Not a long time ago, in a galaxy not very far away, an astronomer and a computer scientist walk into a bar...

We are on the verge of revolutionizing our understanding of galaxies in the nearby universe. The vast amount of spatially-resolved spectroscopic data produced by new-generation instruments and telescopes as part of large-scale survey projects, such as SAMI, Hector, and WALLABY, will reveal the internal structure and kinematics of many thousands of galaxies. This unprecedented amount of information will enable scientists to conduct large-scale statistical multi-wavelength studies for first time, and shed light into several aspects of galaxy structure, formation, and evolution.

To tackle the technical and science analysis requirements of this ever growing amount of data I developed an extensible high-performance software for modelling the kinematics and photometry of galaxies. The generality of the software enables it to tackle a wide range of science cases, from the modelling of simple rotating disks, to the simultaneous fitting of multi-wavelength observations with peculiar morphological and kinematic signatures. Its flexible architecture allows it to support a great range of galaxy models and optimisation techniques, while it can also run on a variety of computational hardware including multi-core CPUs and GPUs.

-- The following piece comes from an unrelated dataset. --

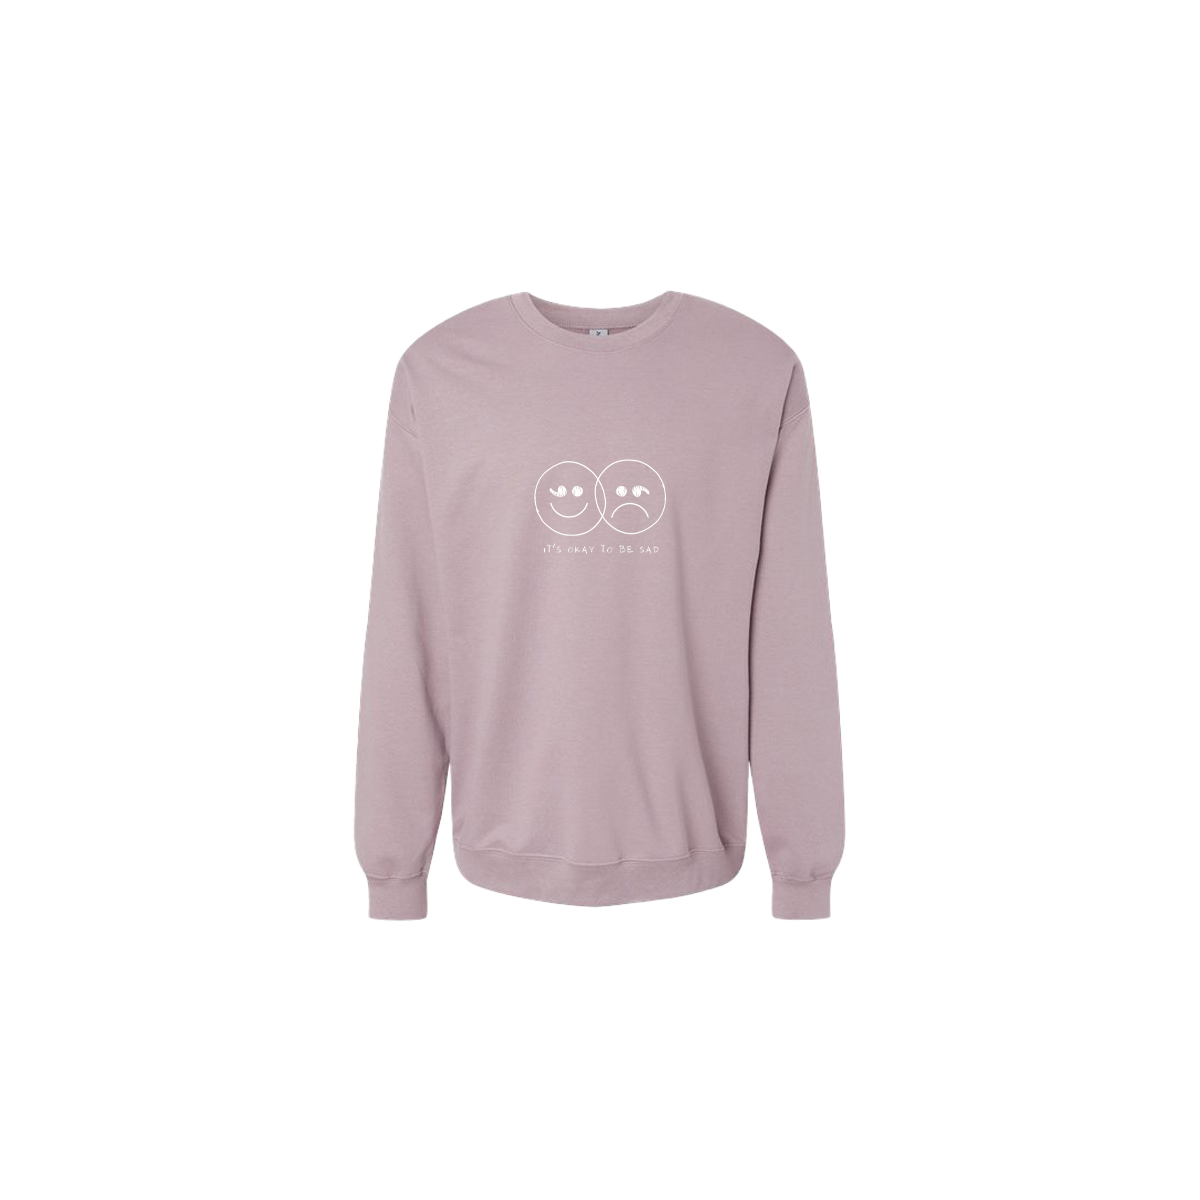 It's Okay to be Sad Double Smiley Face Embroidered Mauve Crewneck - Mental Health Awareness Clothing

In this talk I am going to give an overview of the upcoming major release of the software and comment on its significance in the era of the large-scale 3D spectroscopic galaxy surveys. I will discuss why and how the software evolved from a pure C++ code to a Python project. I will comment on the design decisions I had to make, and I will provide a review of the most essential libraries used by the software. Throughout the talk, I will discuss the technical challenges I faced during the development of the software from an astronomer’s as well as a computer scientist’s perspective.